Aristotle describes the properties of tornadoes and lightning.

Geology

Geography

Hydrology

Spherical Earth

Aristotle is describing a spherical lithosphere (Earth), hydrosphere (water) and atmosphere (air and fire).

Book 4 
The authorship of the fourth book is disputed. This is due partially to its content. It deals with an altogether different set of questions from the other three books, and is much more similar to On Generation and Corruption. Recently, its authenticity, or at the very least, its consistency with other Aristotelian texts, has been defended. Where exactly it should be placed in the corpus is another question. Alexander placed it with GC, but thought it was a different work from it. Olympiodorus placed it between Cael. and GC, while Patrizi placed it before Parts of Animals. Only Ammonius claims it is both genuine and in the right place.

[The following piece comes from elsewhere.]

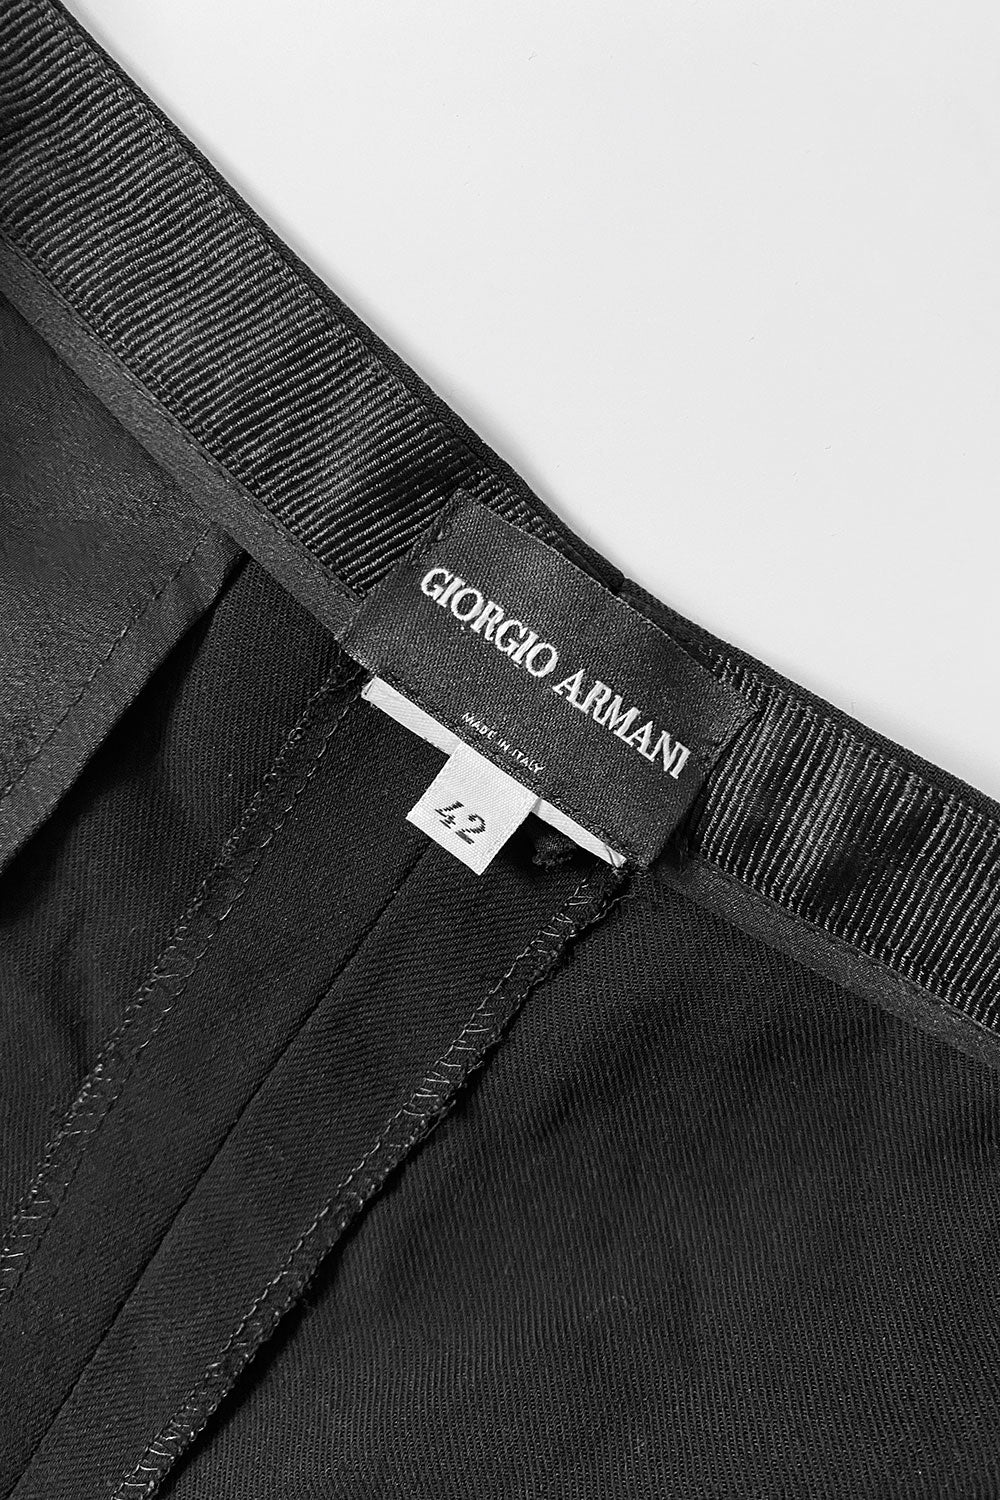 Georgio Armani Lana Wool High Waist Tailored Trousers Size 8-10

The fourth book consists of a detailed investigation of organic and natural processes, and attempts to explain the interaction and composition of elements by reference to the contrary physical qualities. It also provides a theory of secondary qualities, which emerge from different compositions of the primary qualities. This means that hardness or brittleness are due to the underlying relations between the primary contraries (hot, cold, dry, and moist).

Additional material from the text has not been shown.